There is positive news in that the number and value of awards secured to date continues to exceed last year’s figures. There are too numerous to mention, but a few examples give a flavour of the breadth of research that UCL researchers continue to undertake. A new £6m EPSRC programme seeks to make possible the first data interconnects, switches and sensors that use lasers monolithically integrated onto silicon. Researchers have won European Research Council awards to investigate areas such as fluctuations in prosperity and employment, and the atmosphere of planets orbiting other stars. Individuals have won prestigious fellowships from Wellcome Trust and the Leverhulme Trust to pursue areas such as the application of AI to healthcare in the diagnosis of eye disease, and the impact of social media on democracy. The recent receipt of UKRI Future Leaders fellowships by seven of our researchers – bringing UCL’s total in this scheme to 23, the highest number for any institution – reinforces my faith that our research will continue to thrive in the long term. 

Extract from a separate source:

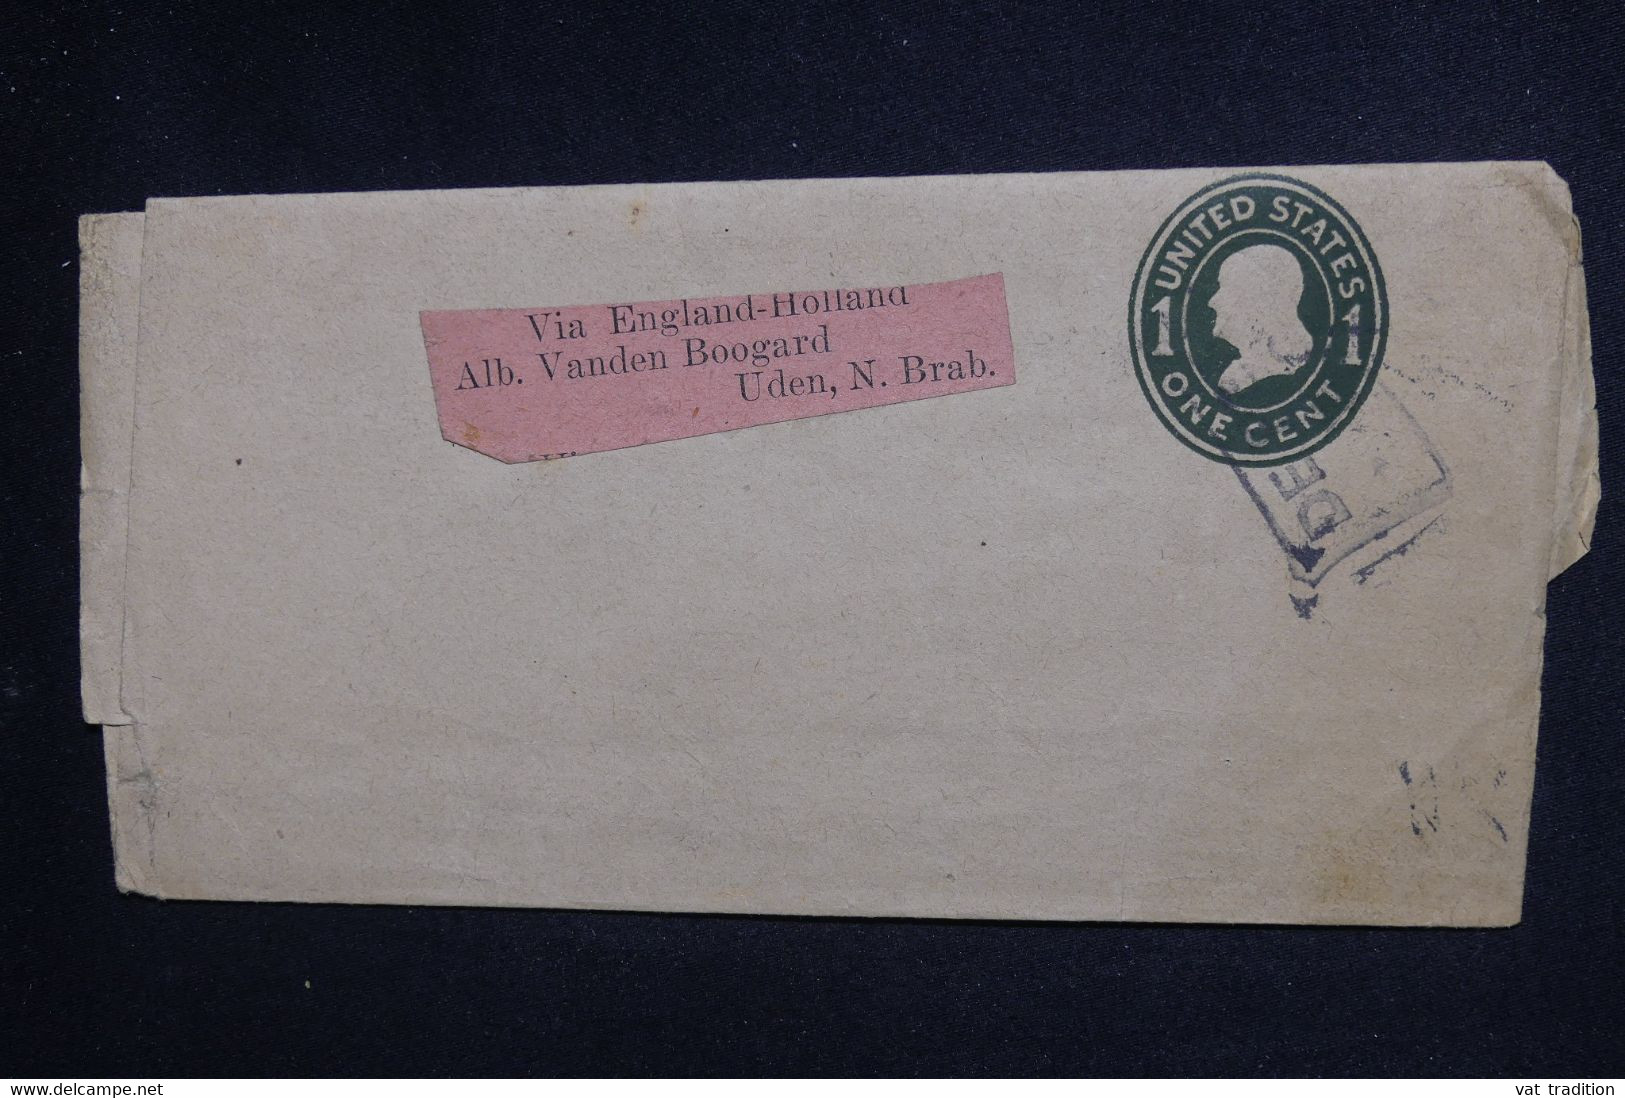 ETATS UNIS - Entier Postal Pour Les Pays Bas En 1910  - L 128651 - 1901-20

An immediate concern is how to re-open campus for research. We are making plans for a phased return that can be carefully managed and to a campus that is safe and secure. Research facilities depend on colleagues from across UCL, including researchers, professional services staff, and security and cleaning staff. Each has a role to play and we need to ensure that they are able to leave home and can travel safely to and from campus before opening up additional research spaces.

In the coming weeks and months there will be further challenges to address. We recognise that the current disruption affects our research community differently and some feel less secure than others. 

We may not have all the answers yet, but we are determined to find solutions that support our world class research community. We are also looking at the longer-term implications for our researchers and research at UCL, through a group chaired by Professor Nigel Titchener-Hooker (Dean of Engineering). You’ll hear more about this work in the near future.